Dennis Lorenzo, “Rude”
Well, that was fine. Would I say that it’s the strongest performance of the night? No way. But it’s charming and good enough that he should be fine for a week or so. There’s not much from the performance that makes me want to rush and see if it’s available to download. Dennis still has a bit of a way to go.
Michelle Sussett, “If I Were a Boy”
America loves a dancer! But tonight, Michelle, or as my friend calls her “Baby Selena,” is going to tone it down a bit. Tackling Beyonce is bold, but the arrangement is clearly designed for a memorable performance.
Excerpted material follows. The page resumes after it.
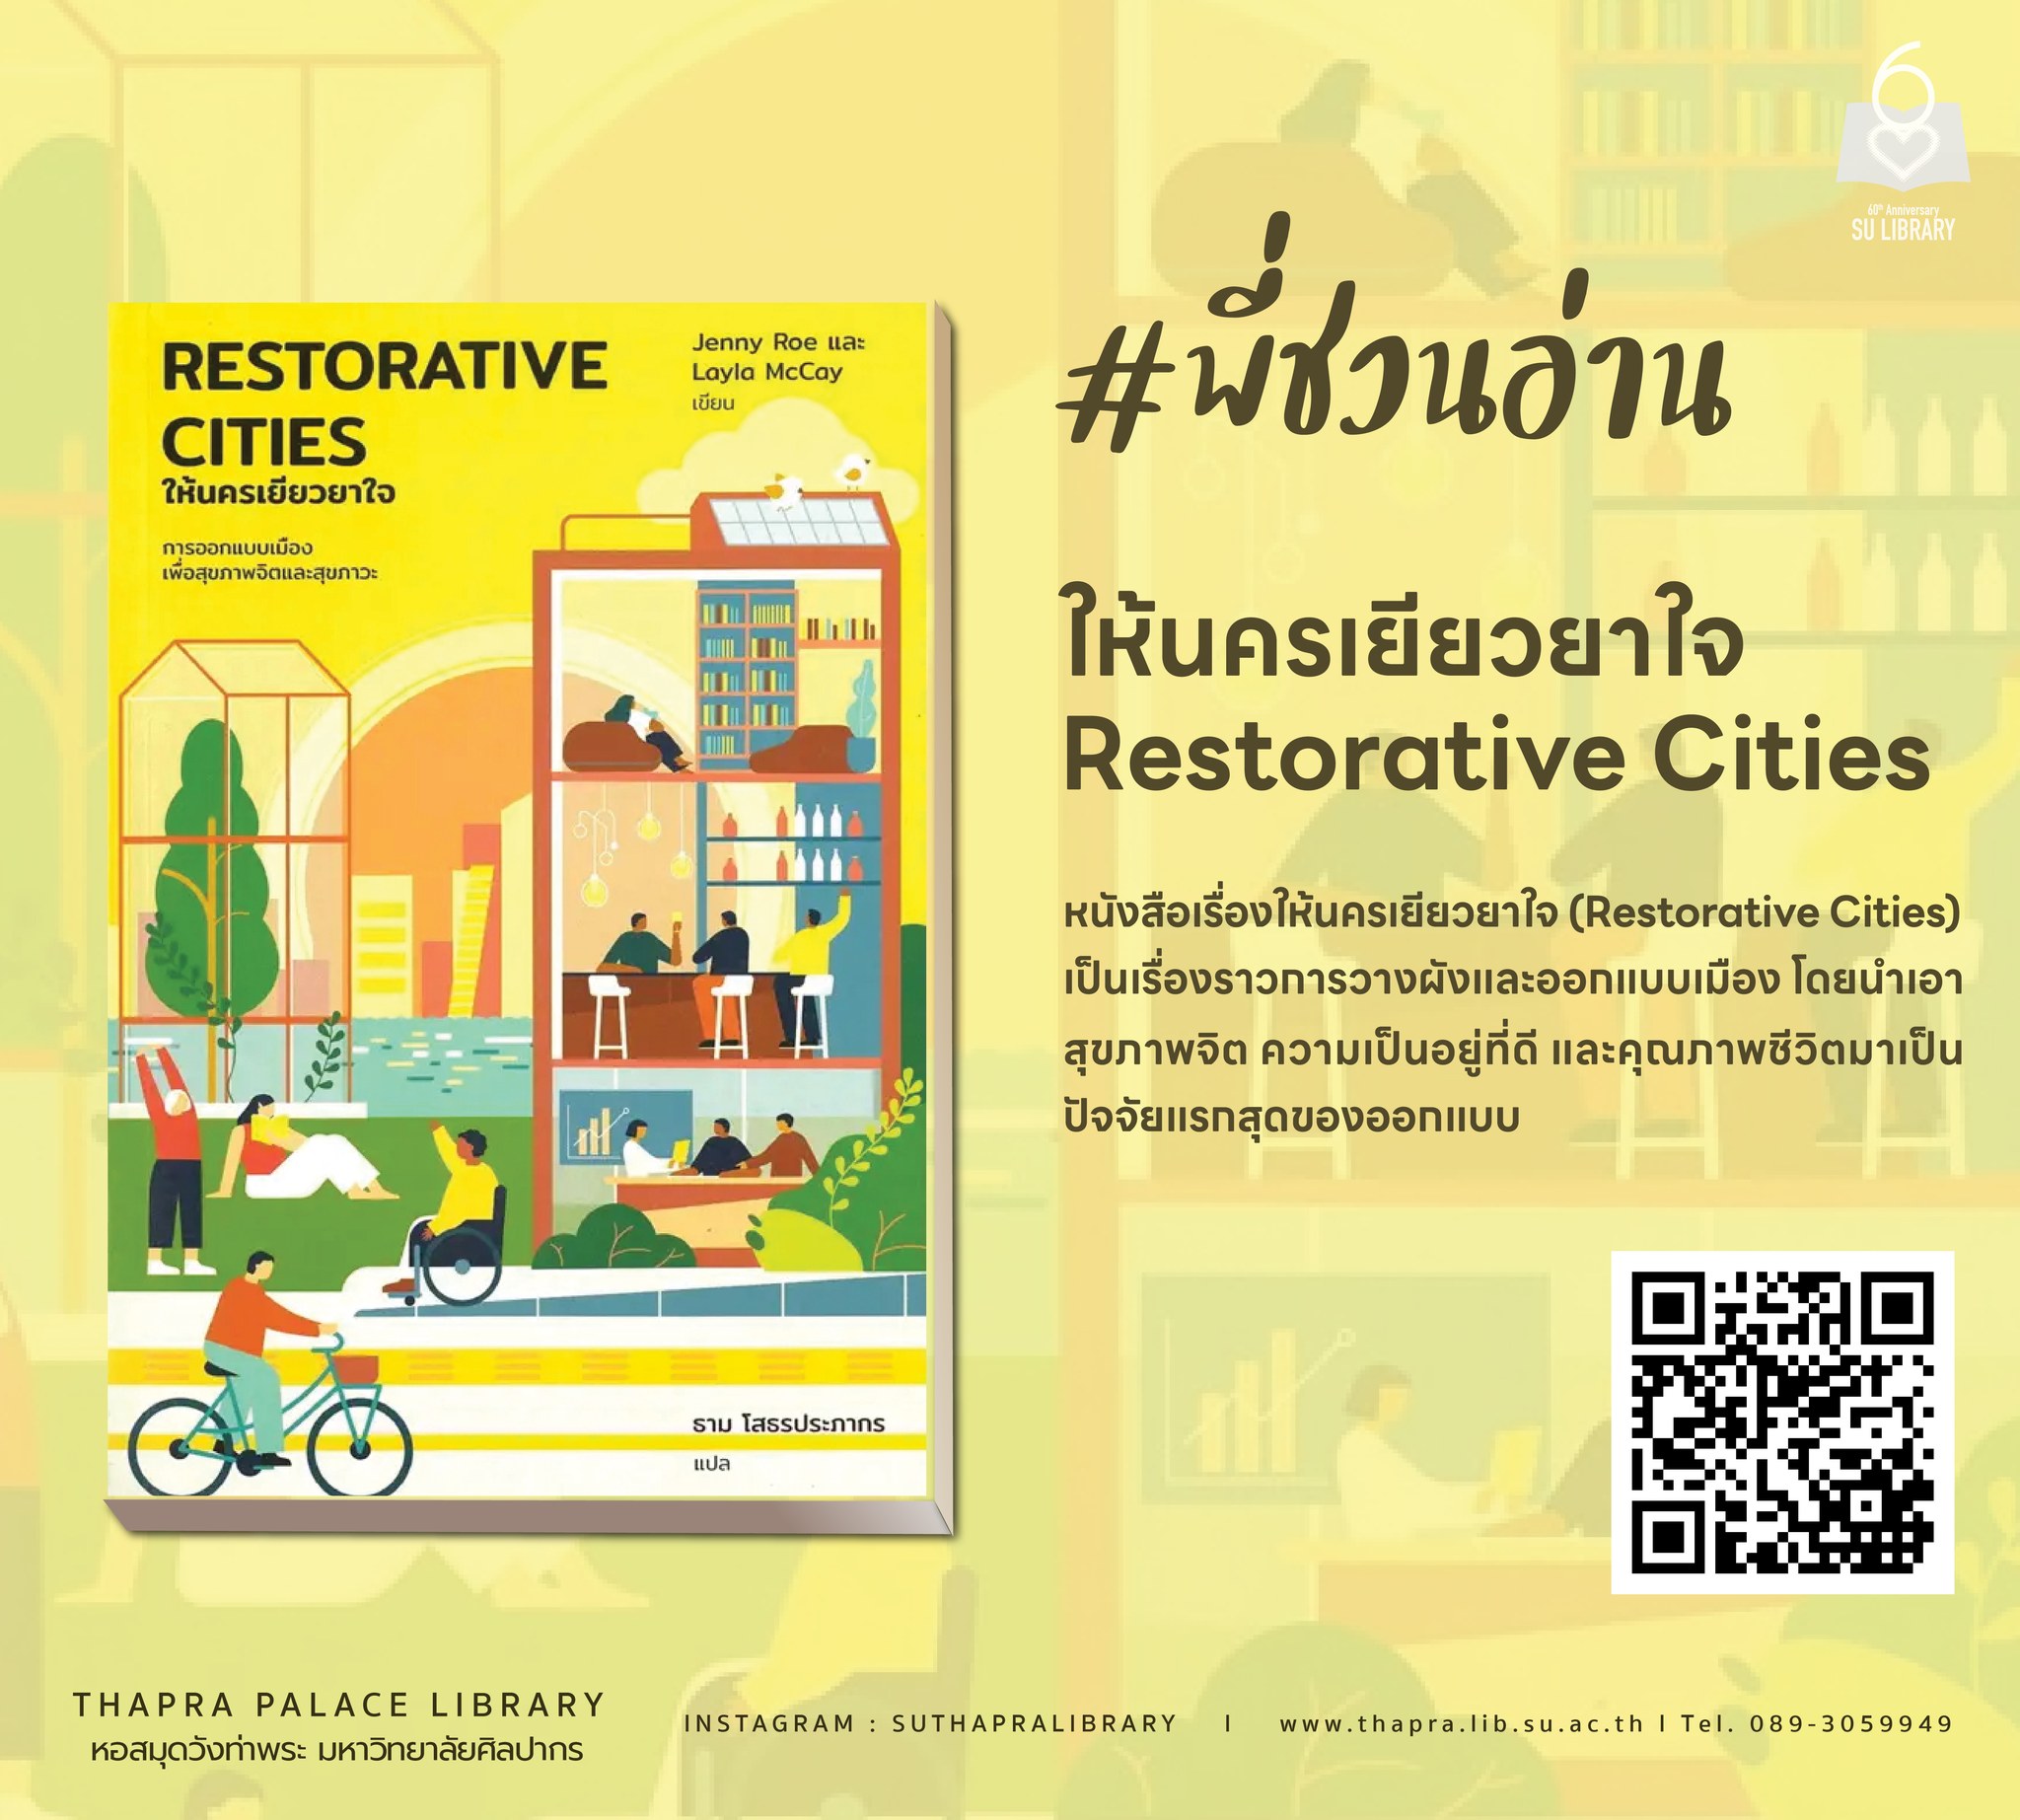 ให้นครเยียวยาใจ | Restorative Cities

The stage presence is INCREDIBLE, and her bilingual take is incredible, but the vocals (at times) were a little bit shaky. And that red/black combo is incredible. I want to see Michelle thrive…time will tell if she does.
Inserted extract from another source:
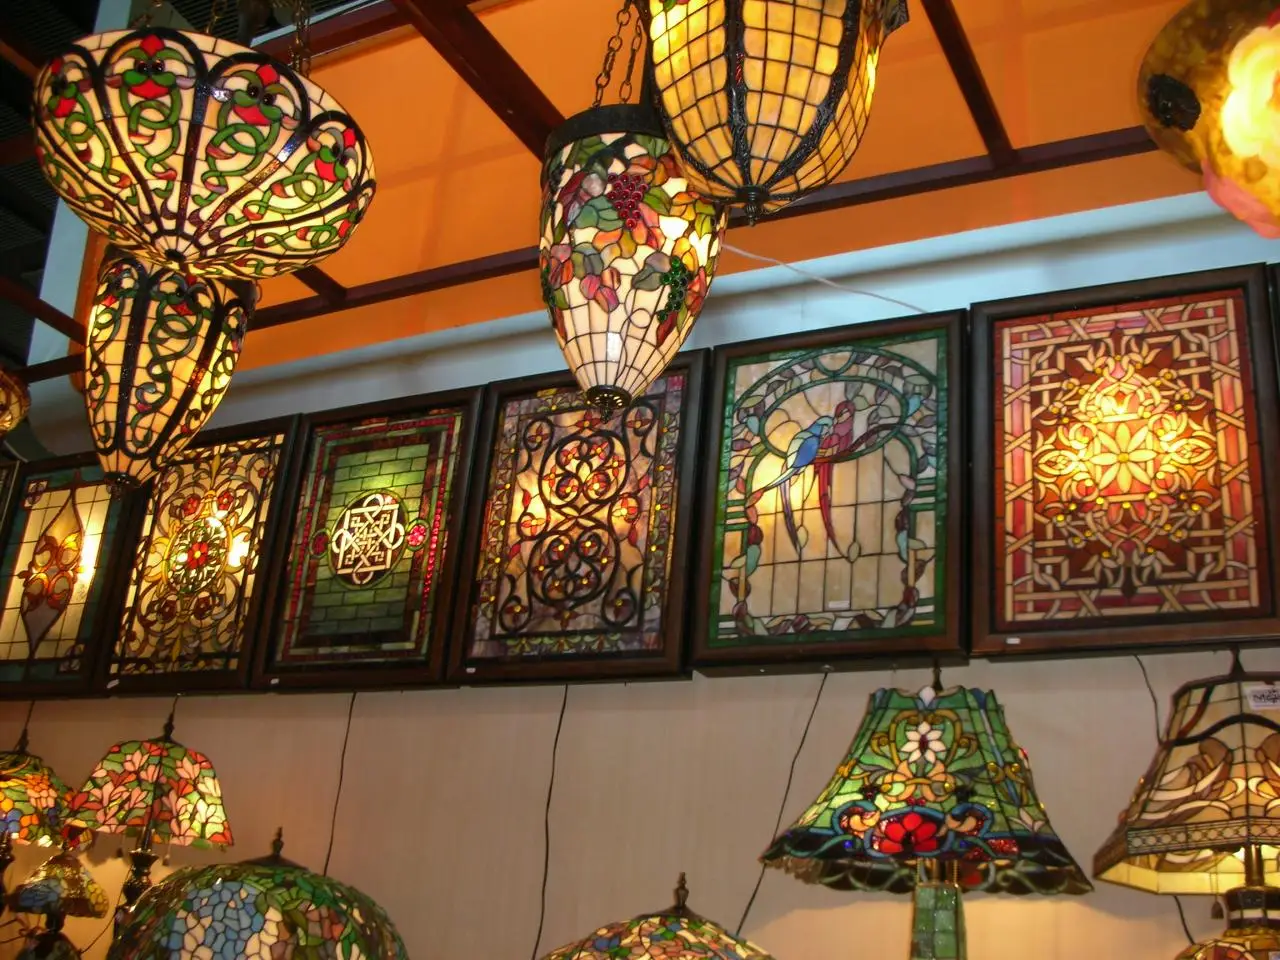 турецкие лампы из цветного стекла в интерьере

Michael J. Woodard, “Golden Slumbers”
Well, damn. Remember when Michael showed up and took everyone down a couple pegs by setting the bar so incredibly high. For the record, this song was released 50 years ago, and somehow, Michael made it a 21st century slow hit. Standing in front of the audience in a navy blue jumpsuit that’s plain as day, all he needed was to stand in front of the audience and sing, and from that, he completely demolished anyone standing in his way.
Trevor McBane, “Way Down We Go”
Leaning all the way into his wheelhouse, Trevor goes for Kaleo’s “Way Down We Go,” which is perfectly matched to his style. In a way though, it seems like the song gets away from him a little bit, as if he’s not sure what to do with the simplicity. He reminds me a bit of a Nathaniel Rateliff that is looking for the right song that allows him to break loose. I’m not sure that this song was the one for it, but Trevor has a story to tell.
Jonny Brenns, “Georgia”
Honestly, the idea of Vance Joy for Jonny didn’t make a ton of sense to me, but as soon as he started singing, it was clear that Jonny knew what he was doing. It provided a number of opportunities for his vocal gymnastics to take the lead. Mind you, they’re also pushing him to be sexy and charming, and maybe that’s not Jonny, ya know? I don’t need to see him hold a girl’s hand. I’m happy to see Jonny simply be an incredible vocalist.
Kay Kay, “Love on the Brain”
Upon further encouragement to open up more, Kay Kay is being forced to take some of that polish off and be vulnerable. I’m not sure if she accomplishes that, but I’m obsessed with the gigantic hoop earrings she’s sporting. What works so well on the original is that it’s a bit of a Motown, doo-wop performance, and Kay Kay insisted on making every note count. Does that make for a good Idol video? Sure. But it’s not sustainable on a single.
Brandon Diaz, “Hello”
Oh, here we go. Lionel’s song. Brandon’s taking on the legendary hit, and he’s going to essentially stay true to form. And you know what? It works. There’s a few kinks that could have been worked out, tonally, but there’s so many more standout moments than hiccups. And it’s worked in a way that it feels like the song could be re-released, but ultimately, with a situation like this you have to either nail it or flounder, and it seems like Brandon didn’t really do either. Anyway, it all ends with this very bizarre duet where Ryan Seacrest sings and Luke Bryan almost drops Katy Perry.
Gabby Barrett, “My Church”
That is a concert performance, y’all. She turned it up a notch, and if it were ending a concert, it would be perfect. As an Idol performance, it was a lot, but the thing is, Gabby is talented. What is a bit frustrating, though, is that Maren Morris’ breakaway hit is the best of the country-tailgate anthems, and Gabby’s performance pulled away from the sing-a-long-ability of the song. “My Church” isn’t meant to be that complicated. If you want to choose a slam dunk ballad, be obvious about it.
Cade Foehner, “All Along the Watchtower”
In a total departure from the rest of the night, Cade feels a bit like a returning artist who has hit the stage to give Idol viewers a taste of something that they might not otherwise try out. Taking on the Jimi Hendrix version, it’s a full-on rock performance, and it’s enough to make Katy Perry take her wrap off and ask Cade for more. Someone screams out, “She’s ready to roar!” and somehow this whole thing has turned into a Katy Perry wet dream. Cade is good, y’all. We just need to be fine with Katy Perry passing out during it.